Que diagnóstico você faz da democracia
atualmente no mundo?
Diagnóstico não é uma palavra boa. Eu
diria que a democracia sofre de uma doença crônica aguda. As fontes da crise
democrática são antigas, mas é agora que os sintomas mais dramáticos estão
aparecendo. Quando você olha ao redor do mundo, vê que as quatro maiores
democracias estão sendo tocadas por líderes populistas, incluindo o Brasil. E
quando você olha para a Europa, por exemplo, pode dirigir pela Polônia, pela
Hungria, pela República Tcheca e pela Itália e ter a sensação de que não deixou
um país. Todas essas populações já fizeram um estrago enorme na democracia.
Isso é verdade para a Hungria na Europa, mas também na Venezuela, na América
Latina. A doença está aguda, mas o paciente não está morto ainda.
Como chegamos a essa situação em que o
povo se coloca contra a democracia?
Se você vir o mesmo fenômeno
acontecendo em vários diferentes países ao mesmo tempo, é muito importante
achar uma explicação comum: acho que há duas raízes particularmente importantes
da crise democrática. Uma das coisas relevantes é a crise de legitimidade. Em
vários momentos da humanidade, houve um aumento do padrão de vida de uma
geração para a outra. Mesmo nos primeiros anos da democracia brasileira, apesar
de alguns problemas, as pessoas tinham uma fé residual nas instituições
políticas. O que estamos vendo agora é uma profunda estagnação econômica em
vários países, especialmente nos EUA e em parte da Europa, onde os padrões de
vida não melhoraram nos últimos 30, 40 anos para a maioria das pessoas.

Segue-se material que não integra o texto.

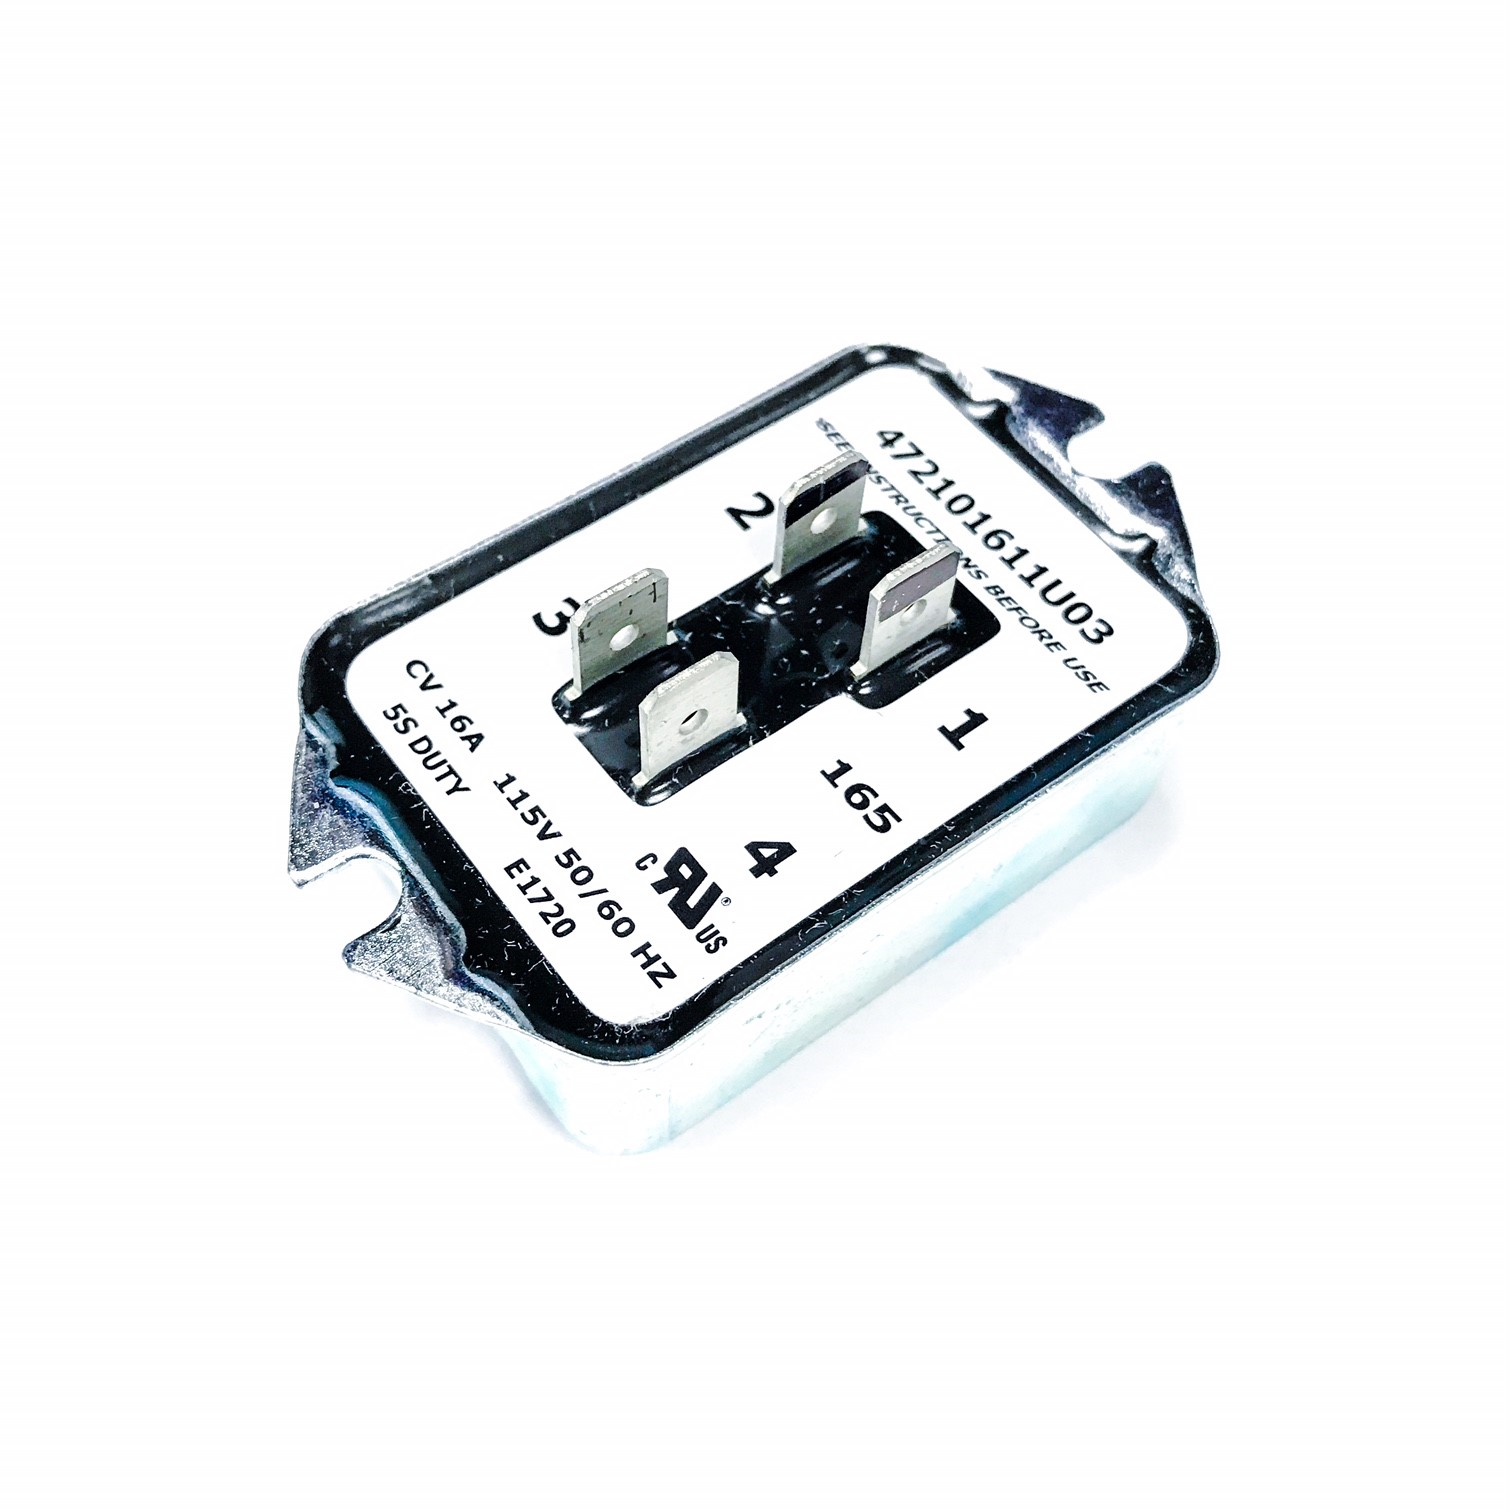 medium resolution of doc diagram salzer drum switch switches wiring reversing

De que maneira isso afeta o Brasil?
Você vê isso no Brasil também, que até
viu uma melhora no padrão de vida, mas agora há um profundo desencantamento com
a corrupção, com a maneira como as instituições não conseguem ser responsivas
para a demanda das pessoas e um medo do futuro. O segundo fenômeno importante é
uma rápida transformação demográfica e cultural em muitas democracias ao redor
do mundo. Quando eles foram estabelecidos e consolidados, muitos desses países
eram relativamente homogêneos e hierárquicos. Nas últimas décadas, isso começou
a mudar por causa da imigração, das desigualdades e por causa de coisas como a
igualdade das mulheres e o sucesso dos movimentos gays.
Isso é bom ou nocivo para o equilíbrio
social?
Pessoalmente, acho que são coisas
muito boas, e por isso é fácil esquecer que, para algumas pessoas, isso
significou uma perda de status social e de vantagens e privilégios que
costumavam ter. Pense em um homem comum, de uma cidade média comum, que faz por
ano uma média comum de dinheiro e com uma aparência comum. Há 20, ou 30 anos,
ele poderia dizer que uma quantidade pequena de homens eram homossexuais, que
havia uma minoria de nativos. Hoje, possivelmente, a pessoa que o representa no
parlamento pode ser um imigrante, sua chefe, uma mulher. Isso é, claro, uma
conquista maravilhosa, mas essas pessoas não apreciam isso e o que ele vê no
populismo é um conjunto de pessoas que recusam a perda desse status social, que
foi perdido ou desafiado.
Por que a democracia, que parecia
consolidada no Brasil, revelou-se tão frágil?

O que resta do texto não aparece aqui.